The novel has opened with the oft-repeated question "Who is John Galt?" and that same figure provides
the answer: "Do you want to know who is John Galt? I am the first man of ability who refused
to regard it as guilt."
These are not idle notions. I recall, some years ago, a movement among educationist "liberals"
(the word belies its etymological sources, in such an application), to the effect that no school
child should be given an A for his or her effort, unless all children automatically get A's; the
idea was, it must be evil to reward someone for effort, or to fail to reward someone for lack of it.
We must all be treated alike, whether we are producers or not, and indeed productiveness is highly suspect.
If any more perverted lesson could be imparted to a child, I fail to see what it might be. (One hopes
that such egalitarian education-theory-freaks do not do us the disservice of replicating their DNA.)
This is precisely the sort of conceptual monstrousness Ayn Rand has set out to uproot.
In Atlas Shrugged Ayn Rand never uses such terms as "left-wing," "right-wing," "liberal," or
"conservative." Perhaps even half a century ago she perceived that the whole concept of a linear
left-to-right political spectrum is a simplistic way of looking at socioeconomic thought, and she
would probably all the more think so if she could hear some of the terms being bandied about in the
current age, terms like "corporate socialism," suggesting that "free" enterprise may actually sometimes
be the product not of independent, capable human work, but the product of governmental currying of favor.

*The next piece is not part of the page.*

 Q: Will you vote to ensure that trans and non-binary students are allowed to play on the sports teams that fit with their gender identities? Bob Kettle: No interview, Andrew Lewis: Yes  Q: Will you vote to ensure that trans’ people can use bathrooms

Rand's truly great last novel draws only one critical distinction: between earning and looting.
Atlas Shrugged has taken on the task, in short, of figuring out how the world works, and has
found it out: it works through the fecundity of human intelligence unimpeded by the dead hand of government.
To those political leeches who would run the world from the "resources" of bottomless stupidity and
would defeat those who really have functioning minds, John Galt memorably says: "Get the hell out of my way!"
Which is the only thing government is really well-equipped, but quite often unwilling, to do.
Read this novel. And read it again. And take it to heart. Remember Dagny Taggart; you need to
know her. Remember Hank Rearden; his is a mind to admire. Remember John Galt; he is ourselves,
when we are at our best. And his lesson is: we need never not be at our best.